Installing CDROM drivers in DOS, WIN 3.1, Win95

In order to use a CD-ROM Drive, your computer must first have a CD-ROM software driver installed. This is usually supplied with the drive but may not necessarily have been installed. The CD-ROM software driver is normally supplied on a floppy disk and includes a SETUP or INSTALL program. Following installation, the CD-ROM software driver is normally loaded at system startup time via a series of entries in the machine's C:\CONFIG.SYS & C:\AUTOEXEC.BAT files.
For example:

[config.sys]
DEVICE=C:\DOS\HIMEM.SYS
DEVICEHIGH=C:\DOS\oakcdrom.sys /D:mscd001
LASTDRIVE=F

[autoexec.bat]
LH C:\DOS\MSCDEX.EXE /D:mscd001 /l:D
The first /D: switch is the drive number, which must be the same in both config.sys and autoexec.bat. In the above example its "/D:mscd001". (If you had 2 drives fitted the second may be /D:mscd002) The /l:D switch sets a drive letter for your CD-ROM. (In this case Drive D:\) You can make this anything you want after your Hard Drives that is not taken, but make sure you put a "LASTDRIVE=" line at the end of config.sys to allow for enough environmental space.
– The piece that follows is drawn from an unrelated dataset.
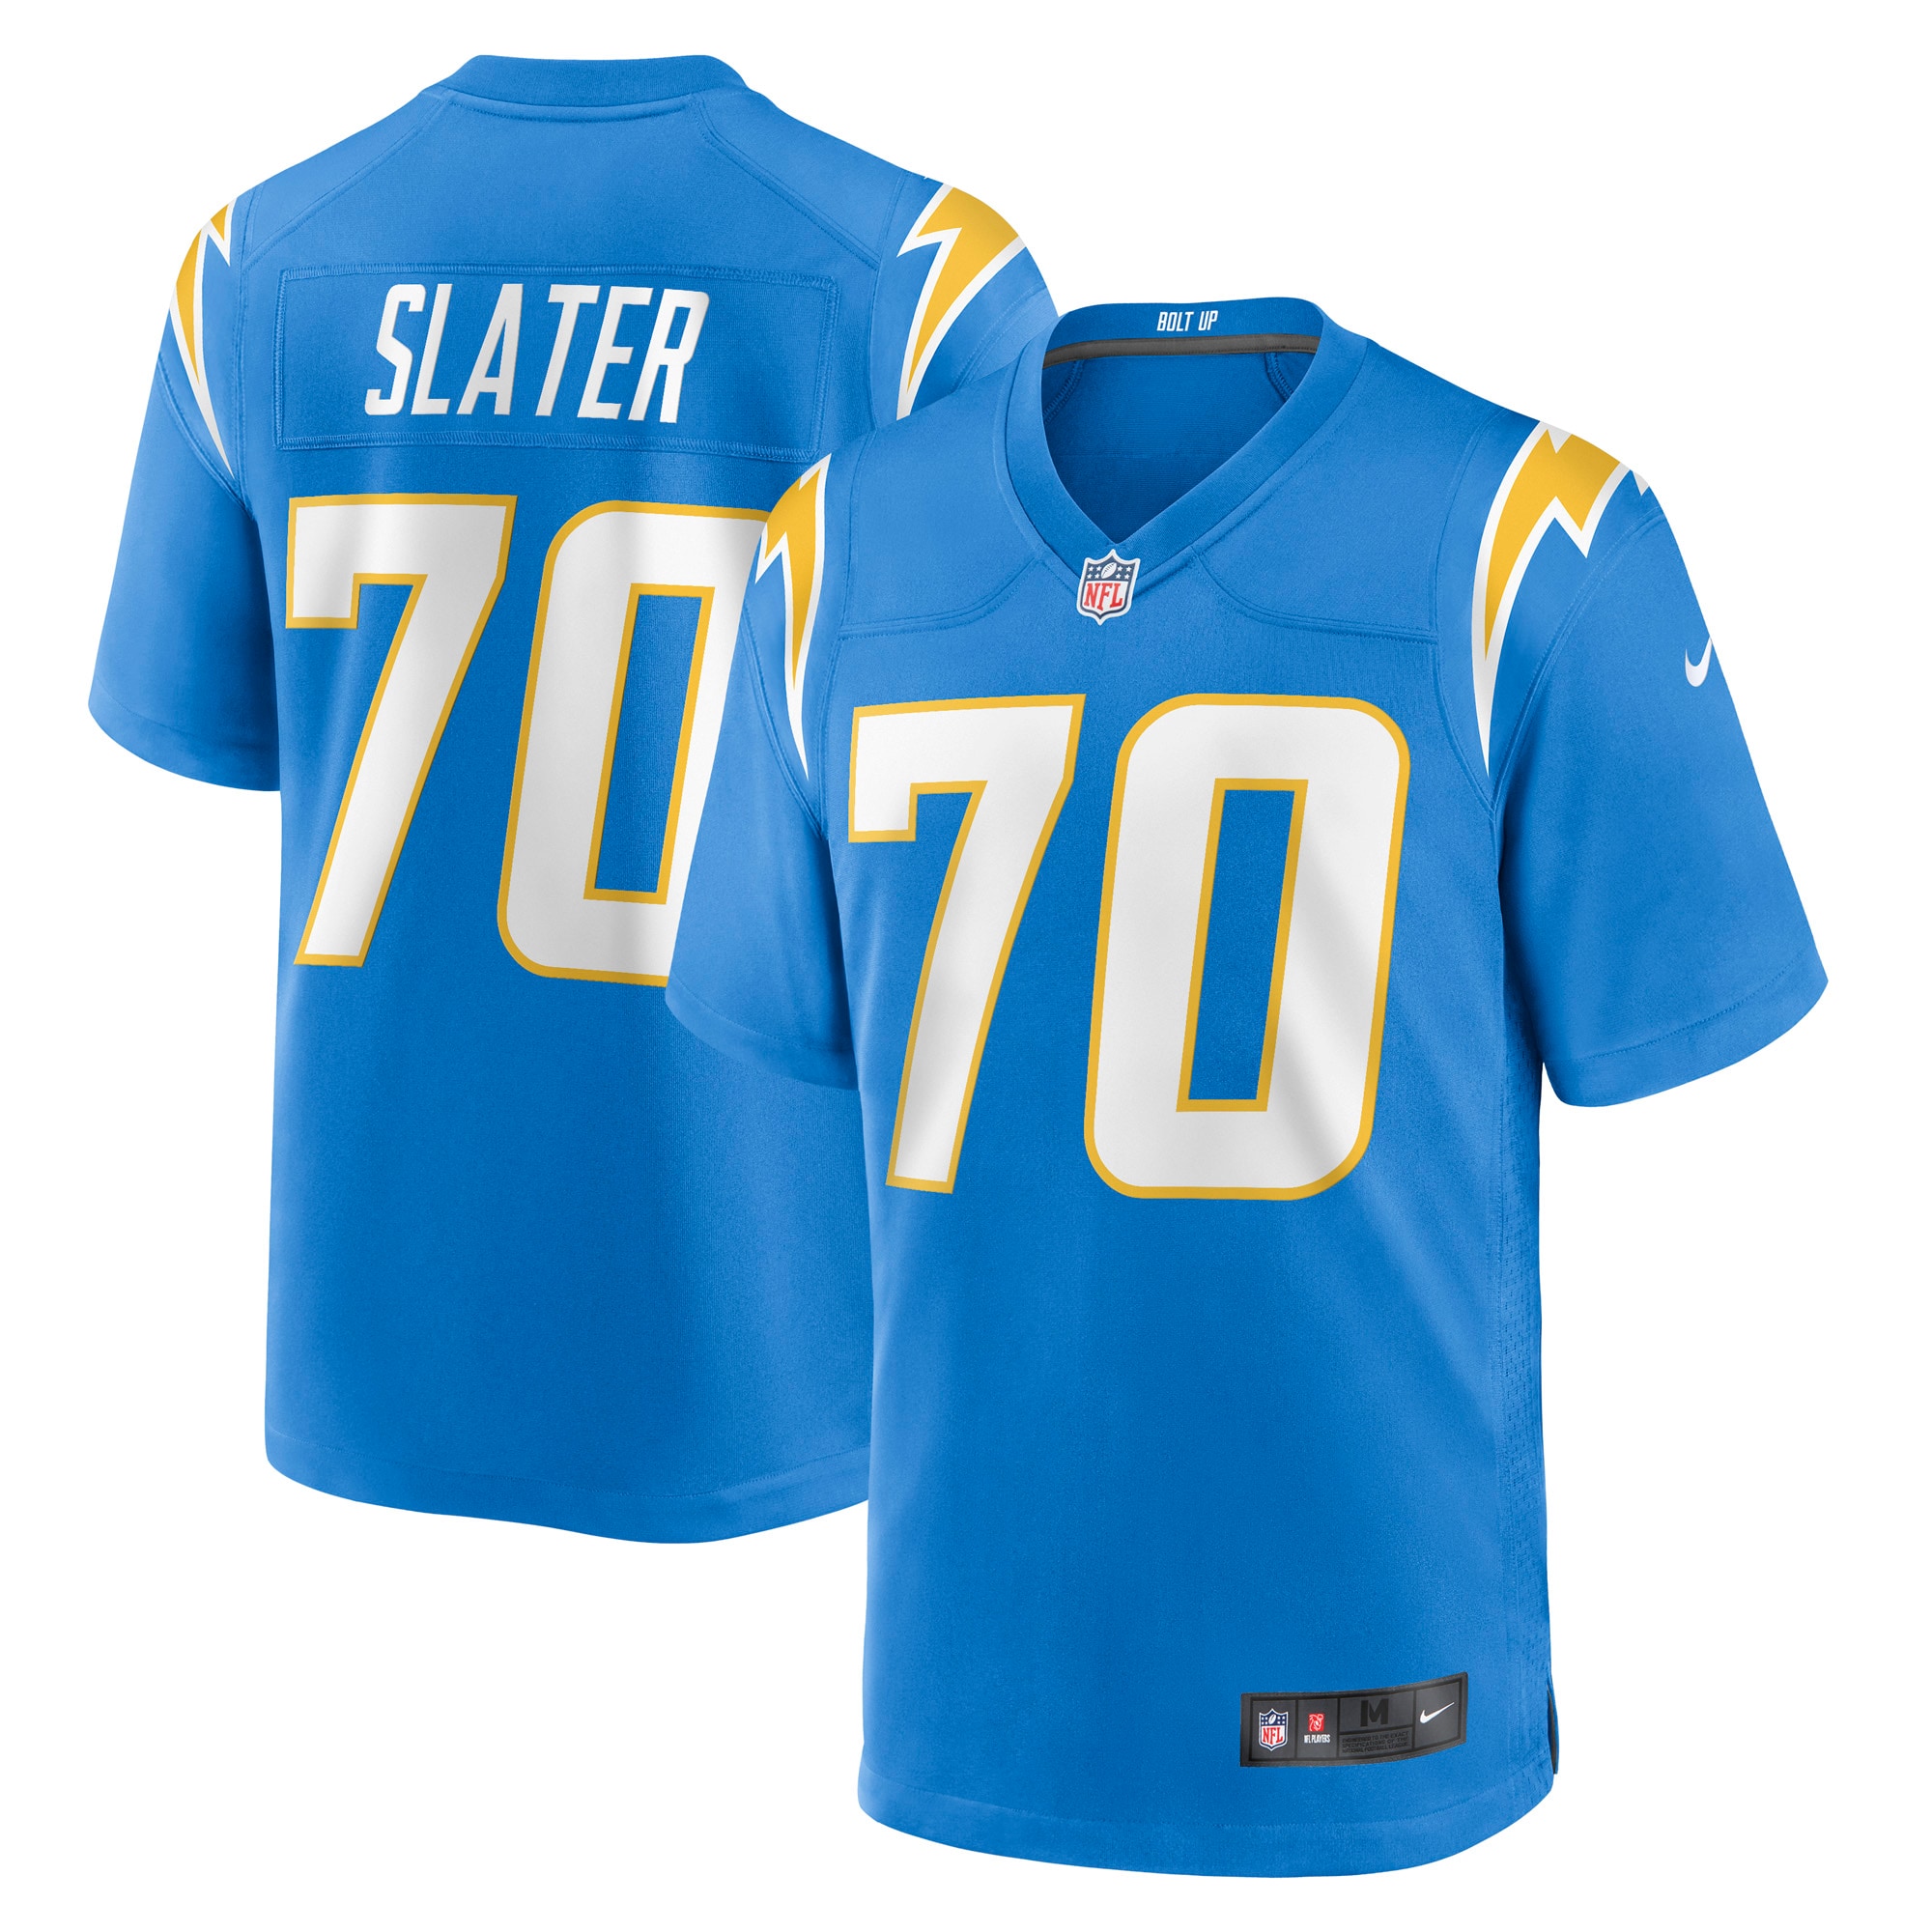 Men's Los Angeles Chargers Jerseys Powder Blue Rashawn Slater Game Style

This can be made as the letter after your last drive in use (i.e. =F) as each letter used, uses a small piece of available environment. (LASTDRIVE=Z would enable ALL available Drive Letters) In this example HIMEM.SYS is used to load driver into upper memory block.
oakcdrom.sys = CD-ROM Driver (Which is named differently by each manufacturer) and can be located in its own directory.
MSCDEX.EXE is provided as part of MS-DOS and sometimes on Install Disk as well.
HIMEM.SYS is provided as part of MS-DOS and enables use of the upper memory area.